A recent decision of the England and Wales High Court (Admiralty Division) provides a cautionary reminder that awards made at the conclusion of international arbitrations are just as powerful as judgments obtained following court proceedings.
While Australia has not become a hub of international arbitration in the same way as England, Singapore or Hong Kong, as a signatory to the United Nations Convention on the Recognition and Enforcement of Foreign Arbitral Awards of 1958 (Convention), Australia has adopted the UNCITRAL Model Law on International Commercial Arbitration (Model Law), which was enacted in Schedule 2 of the International Arbitration Act 1974 (Cth). Individuals and entities based in Australia, or with assets in Australia, need to be aware of the risks and opportunities that come with agreement to participate in international arbitrations.
In many cases arbitration of a cross-border dispute will be the preferable form of dispute resolution when compared to litigation in a court, whether in Australia or overseas. In terms of efficiency of process, confidentiality and ease of enforcement in signatory countries, international arbitration has much to offer.
The decision the subject of this bulletin was handed down by Mr Justice Phillips in July 2015.
The background was that the claimant had obtained a number of awards following arbitrations conducted by the Grain and Feed Traders Association (GAFTA), based in London. The respondent was a Nicaraguan company (CORCOSA). Following the making of the awards, it refused to engage or communicate with the claimant.
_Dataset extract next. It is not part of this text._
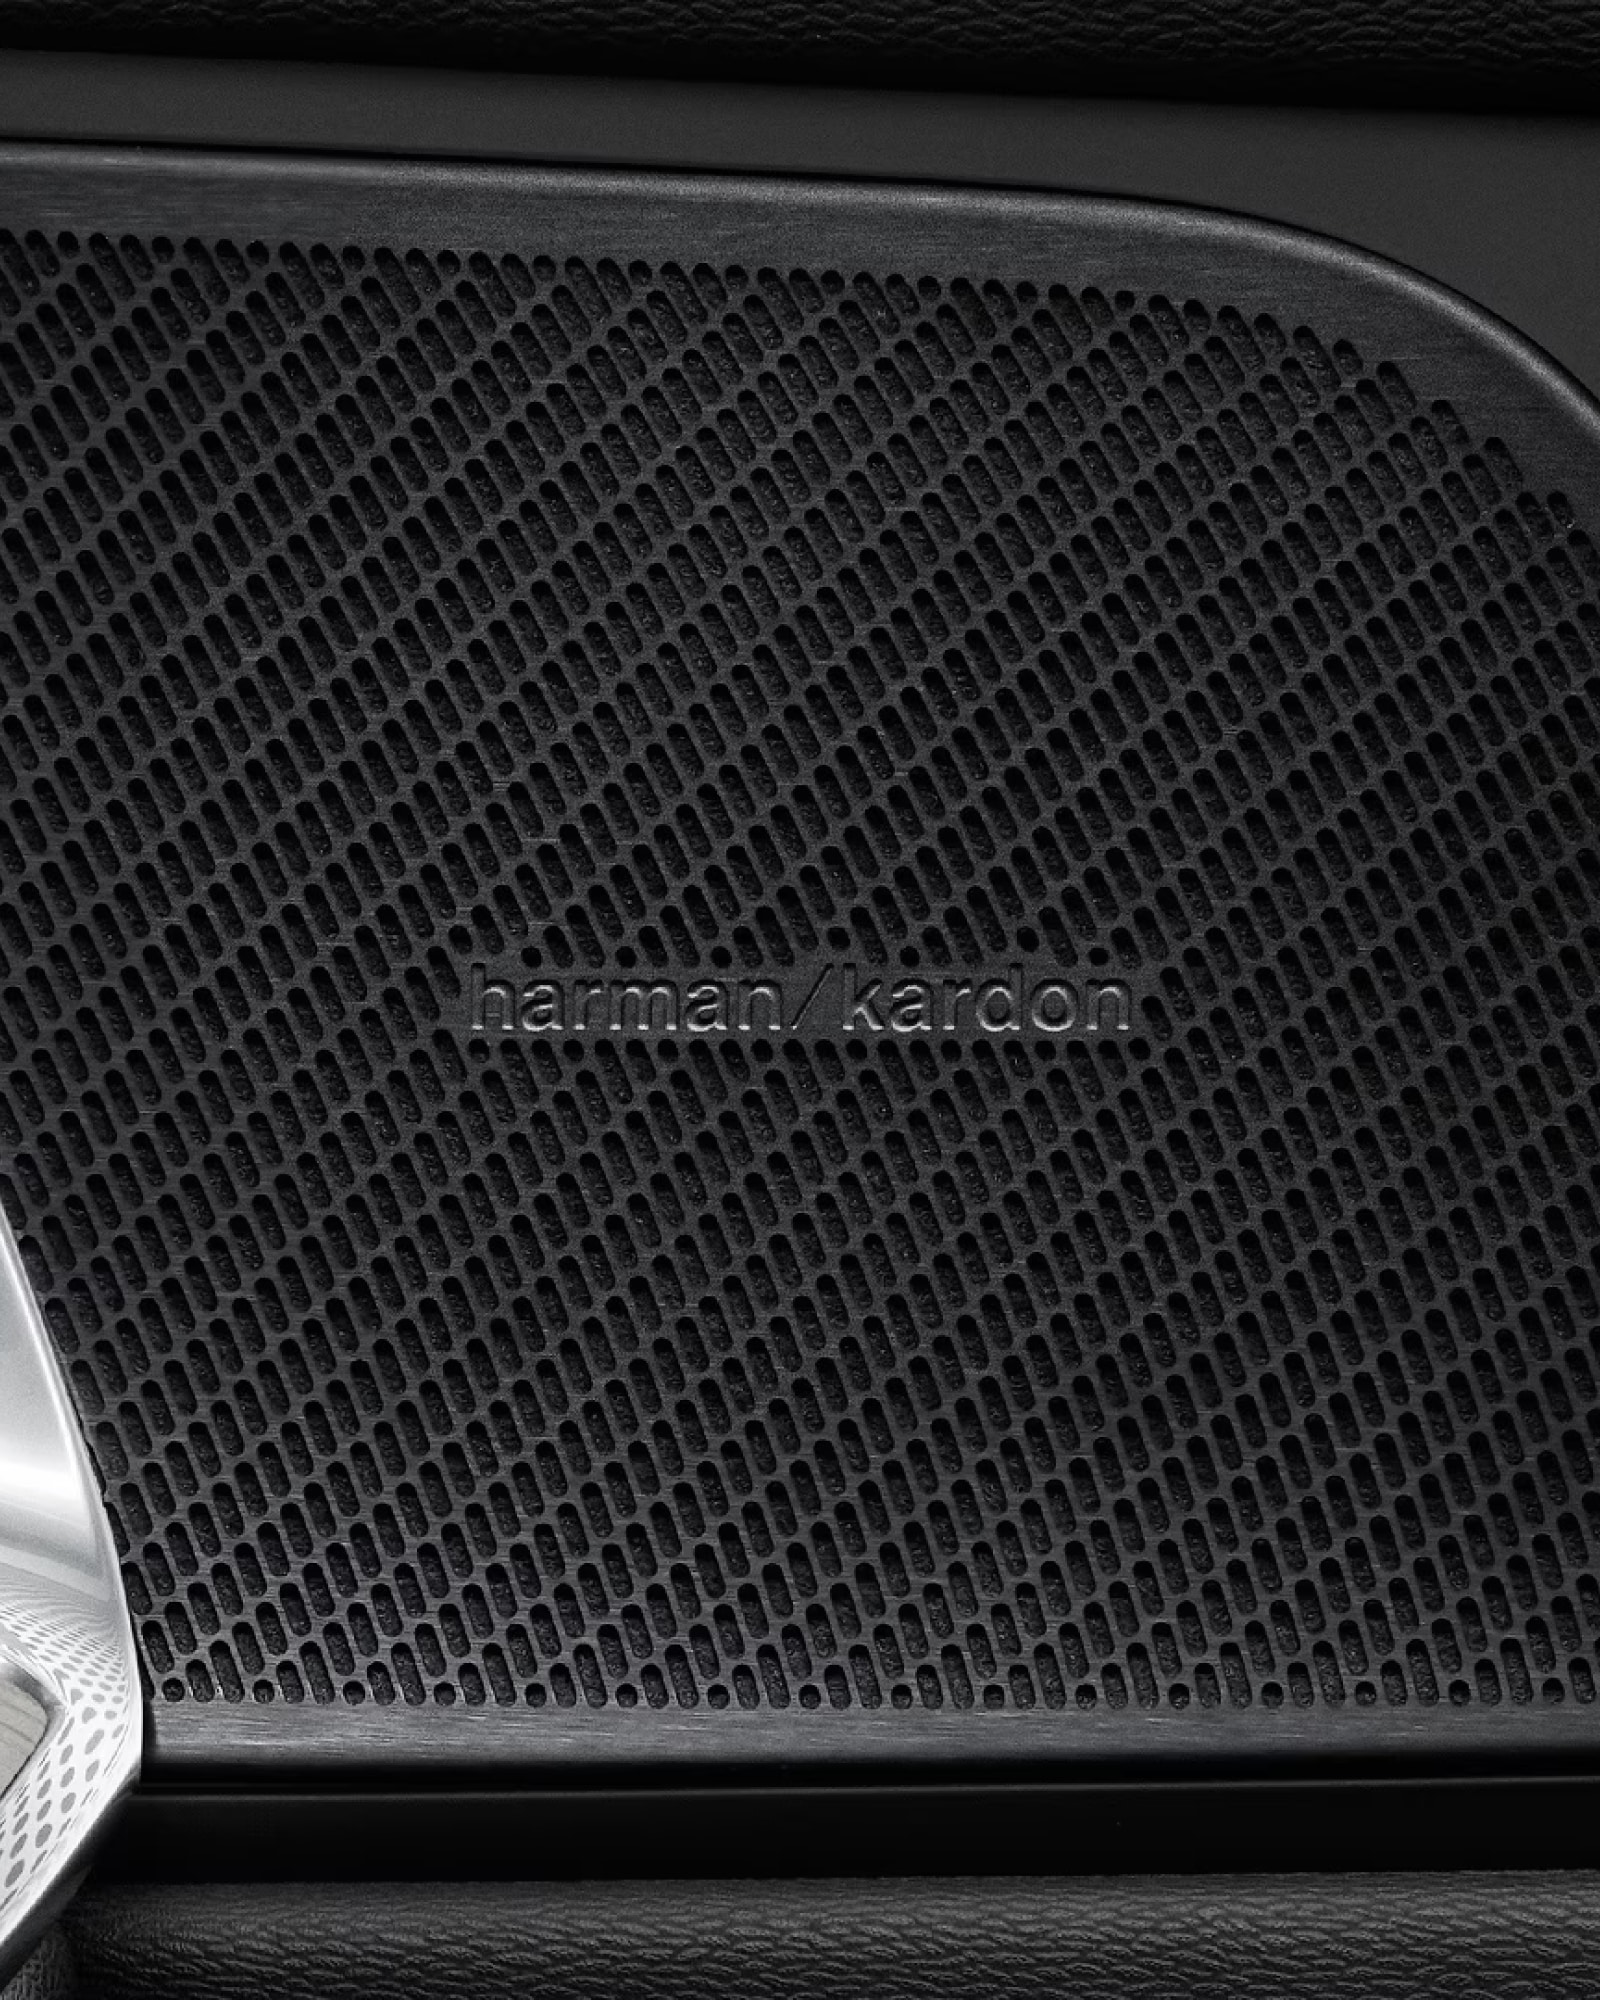 Harman Kardon speakers inside a Volvo XC60.

The claimant registered the award as a judgment in the England and Wales High Court. CORCOSA failed to satisfy the judgment. The claimant then commenced court proceedings in the same court against CORCOSA seeking to enforce the judgment.
As part of the proceedings, freezing orders were made against CORCOSA which prevented it from disposing of its assets that could be used to pay the judgment. CORCOSA was also required to provide a sworn list of its assets worldwide within 14 days of service of the freezing orders. The operation of the freezing order, and the time to provide the sworn list of assets, were extended for further periods of time as CORCOSA continued to ignore the orders made against it. All of the court’s orders permitted service on CORCOSA and its directors by email.
The orders were served on CORCOSA and its directors by email. The claimant adduced evidence that the respondents received, read and deleted the documents received. Copies of the orders were also personally served on the directors. The court found that CORCOSA’s failure to comply with the orders was “wilful and contumacious”. The claimant also brought contempt proceedings against the directors for the non-compliance. For the failure to comply with the court’s orders, the court went on to sentence the two directors to 18 months imprisonment each.
In relation to CORCOSA, the court refused to make any orders regarding CORCOSA’s property, as there would be little utility in doing so because the court was not satisfied that there were any assets in the jurisdiction. Despite this, an indemnity costs order was made in favour of the claimant.
Lessons from the case
This case provides a useful demonstration of the issues that can arise on enforcement of an arbitral award.
While some may view arbitral awards as being less powerful than a court order, care must be taken to comply with them, because the award may be registered as a judgment in Australia and enforced against the judgment debtor in the same way as any other judgment of the court. The award is able to be enforced in any jurisdiction where the debtor holds assets and which is a signatory to the Convention.
Further, and leaving aside extradition issues, failure to comply with orders of the court can give rise to serious ramifications, such as allegations of contempt, which can result in monetary penalties or imprisonment for those involved in the contempt. This could easily include directors and officers of a judgment debtor company.